* **What you need to do**: Among the entries that follow, the required portion opens with the line containing "The poems of William Watson" and closes with the line containing "Aftermarket TAILLIGHTS for". Give that portion again exactly, and nothing else.

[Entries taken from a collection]
___
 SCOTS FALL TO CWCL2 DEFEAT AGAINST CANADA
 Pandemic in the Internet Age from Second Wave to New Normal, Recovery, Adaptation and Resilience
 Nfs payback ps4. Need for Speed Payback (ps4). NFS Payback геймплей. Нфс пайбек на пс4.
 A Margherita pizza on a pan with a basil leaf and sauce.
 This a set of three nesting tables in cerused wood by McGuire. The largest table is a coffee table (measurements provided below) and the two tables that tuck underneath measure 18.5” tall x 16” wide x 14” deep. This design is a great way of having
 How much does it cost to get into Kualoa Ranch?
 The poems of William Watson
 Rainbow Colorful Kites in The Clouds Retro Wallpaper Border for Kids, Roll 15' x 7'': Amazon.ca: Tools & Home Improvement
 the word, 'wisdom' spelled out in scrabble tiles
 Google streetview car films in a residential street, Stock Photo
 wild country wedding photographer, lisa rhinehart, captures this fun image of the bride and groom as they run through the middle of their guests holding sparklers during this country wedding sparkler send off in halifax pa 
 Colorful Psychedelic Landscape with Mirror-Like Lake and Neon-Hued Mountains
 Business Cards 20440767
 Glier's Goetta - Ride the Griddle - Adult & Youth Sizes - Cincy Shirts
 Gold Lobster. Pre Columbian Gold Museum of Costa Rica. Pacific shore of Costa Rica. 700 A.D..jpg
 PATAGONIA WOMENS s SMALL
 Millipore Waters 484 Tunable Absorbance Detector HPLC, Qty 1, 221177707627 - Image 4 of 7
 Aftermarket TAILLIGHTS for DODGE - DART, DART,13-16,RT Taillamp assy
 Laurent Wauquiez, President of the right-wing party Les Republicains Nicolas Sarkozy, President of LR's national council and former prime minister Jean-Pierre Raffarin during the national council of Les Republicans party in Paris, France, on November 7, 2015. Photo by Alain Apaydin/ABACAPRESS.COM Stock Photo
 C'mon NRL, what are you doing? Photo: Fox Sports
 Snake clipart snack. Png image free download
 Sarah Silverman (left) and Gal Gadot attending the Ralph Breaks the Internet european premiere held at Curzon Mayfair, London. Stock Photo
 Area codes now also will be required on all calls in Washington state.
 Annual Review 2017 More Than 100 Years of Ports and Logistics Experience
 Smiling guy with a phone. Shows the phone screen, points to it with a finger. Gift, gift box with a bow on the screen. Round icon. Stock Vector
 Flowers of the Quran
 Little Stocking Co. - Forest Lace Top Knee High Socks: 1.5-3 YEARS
___
* **Problem solution**:
 The poems of William Watson
 Rainbow Colorful Kites in The Clouds Retro Wallpaper Border for Kids, Roll 15' x 7'': Amazon.ca: Tools & Home Improvement
 the word, 'wisdom' spelled out in scrabble tiles
 Google streetview car films in a residential street, Stock Photo
 wild country wedding photographer, lisa rhinehart, captures this fun image of the bride and groom as they run through the middle of their guests holding sparklers during this country wedding sparkler send off in halifax pa 
 Colorful Psychedelic Landscape with Mirror-Like Lake and Neon-Hued Mountains
 Business Cards 20440767
 Glier's Goetta - Ride the Griddle - Adult & Youth Sizes - Cincy Shirts
 Gold Lobster. Pre Columbian Gold Museum of Costa Rica. Pacific shore of Costa Rica. 700 A.D..jpg
 PATAGONIA WOMENS s SMALL
 Millipore Waters 484 Tunable Absorbance Detector HPLC, Qty 1, 221177707627 - Image 4 of 7
 Aftermarket TAILLIGHTS for DODGE - DART, DART,13-16,RT Taillamp assy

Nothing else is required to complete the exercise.